Petroleo Brasileiro SA, Brazil’s state-run oil company, is luring investors to its $25 billion share sale, the biggest in the Western Hemisphere since 1999. Latin America’s worst-performing stock market is no better off.

“It’s going to make life a bit harder for companies looking to go to the market as the liquidity might not be there,” said Nick Robinson, who manages $20 billion in emerging market assets at Aberdeen Asset Management Inc. in Sao Paulo.

Aberdeen, Lord Abbett & Co. and Petercam SA, all Petrobras shareholders, said they may buy more stock as the world’s fourth-largest oil producer by market value seeks to finance a $220 billion investment program. Speculation the sale will take place as early as June may have contributed to several Brazilian initial public offerings this year raising less than they originally sought, said Paul Capital Partners in Sao Paulo. Brazil’s IPOs have underperformed offerings in Russia, India and China once the shares began trading.

Five of the seven Brazilian initial sales this year raised less than they originally sought. Brazil’s benchmark Bovespa index is down 1.5 percent this year, compared with a 1.8 percent gain in Mexico’s IPC index and 3.3 percent advance for Argentina’s Merval.

Petrobras Chief Executive Officer Jose Sergio Gabrielli, 60, said on March 24 that the sale may raise $15 billion to $25 billion from minority shareholders. Credit Suisse Group AG of Zurich said the company may raise $20 billion to $25 billion, according to a note to clients on April 15.

‘Clearing the Decks’

“People generally want to participate in it and it’ll clear the decks a bit,” said Craig Shaw, who helps manage $7 billion in assets at Harding Loevner Management in Somerville, New Jersey. Harding owns Petrobras shares. “Getting the big fish out of the way may make it easier to get new listings in front of investors. That is, if they have the money.”

Petrobras slipped 0.7 percent to 32.80 reais today, while the Bovespa stock index dropped 0.7 percent.

At $25 billion, the sale from Rio de Janeiro-based Petrobras would be equal to about 2 percent of the $1.26 trillion market capitalization of all publicly traded shares in Brazil, according to data compiled by Bloomberg. That would be equal to about a $295 billion offering in the U.S. equity market, which has a total value of almost $14.8 trillion.

Bank of America Corp. of Charlotte, North Carolina, raised $19.3 billion last year in the biggest sale of stock or preferred shares by a publicly traded U.S. company, according to Bloomberg data going back to 1999. San Francisco-based Visa Inc.’s $19.7 billion initial offering in March 2008 was the largest IPO by an American company, Bloomberg data show.

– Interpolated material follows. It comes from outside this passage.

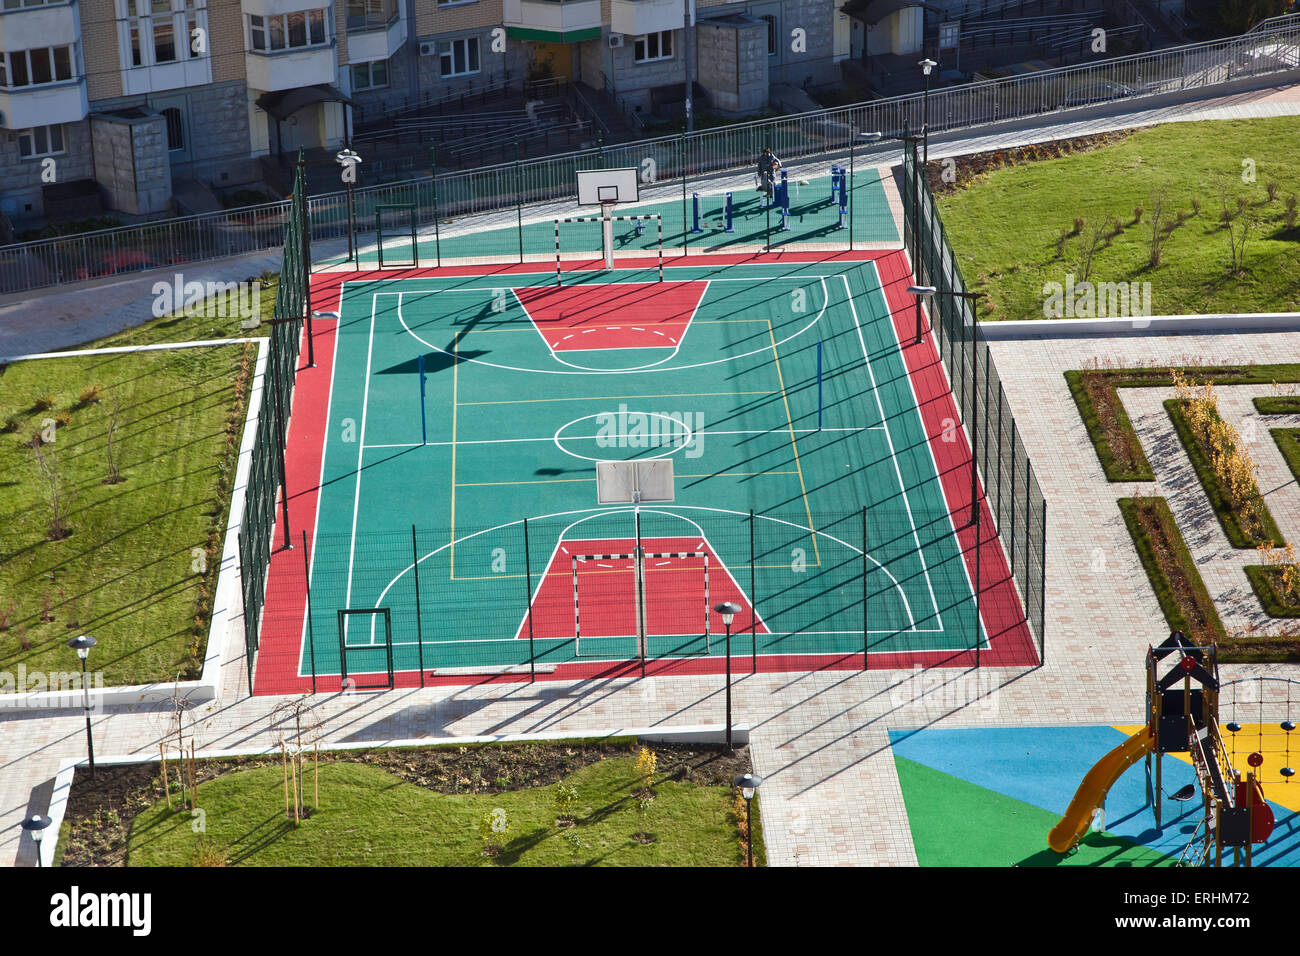 Stade vide football et terrain de basket-ball. Aire de jeux pour enfants  Photo Stock - Alamy

Government Approval Needed

Petrobras is seeking to offer 68 percent of new shares to existing shareholders with the government buying 32 percent in a swap for 5 billion barrels of oil reserve, at a price dependent on how the government values the crude, according to Petrobras’s Web site. The government and investors have the option to buy a bigger stake should some shareholders not participate.

Brazil’s Congress must approve the plan. The sale may be completed by the end of July, said a Petrobras official who declined to be named in accordance with company policy. The government expects the Senate to back the bill by Petrobras’s timetable, Helio Sa, an official with the Senate’s government leadership office, said in an interview. President Luiz Inacio da Silva’s press office said they expect Congressional approval by the end of May.

The largest publicly traded Brazilian company with a market value of 309 billion reais ($178 billion) plans to spend $200 billion to $220 billion through 2014, the world’s biggest oil- industry investment program, making the capital increase “indispensable,” Gabrielli said at a press conference on April 12.

Doubling Production

Petrobras aims to more than double oil production to 5.7 million barrels a day by 2020. Royal Dutch Shell PLC, Europe’s biggest oil company, and Exxon Mobil Corp., the largest U.S. oil company, “would kill” for the output growth Petrobras will have over the next 20 years, said Harold Sharon, an international money manager at Lord Abbett, which oversees $100 billion.

Petrobras, whose shares have dropped 38 percent from their 2008 peak, is trading at 9.9 times earnings. That compares with a ratio of 15.2 for Irving, Texas-based Exxon and 13.2 for Shell. Sharon said Petrobras may offer shareholders a discount of as much as 10 percent below the stock’s 30-day average closing price to lure investors.

“There will always be ways to fund a compelling idea,” Sharon said. “Shaking out $25 billion from the world financial system can be done for a world-class company.”

Selling for Petrobras

Johan Van Geeteruyen, who helps manage 14 billion euros ($18.5 billion) at Petercam in Brussels, said he sold solar- energy companies to raise cash to buy Petrobras, which has a better “track record” than Brazilian offerings this year such as billionaire Eike Batista’s OSX Brasil SA.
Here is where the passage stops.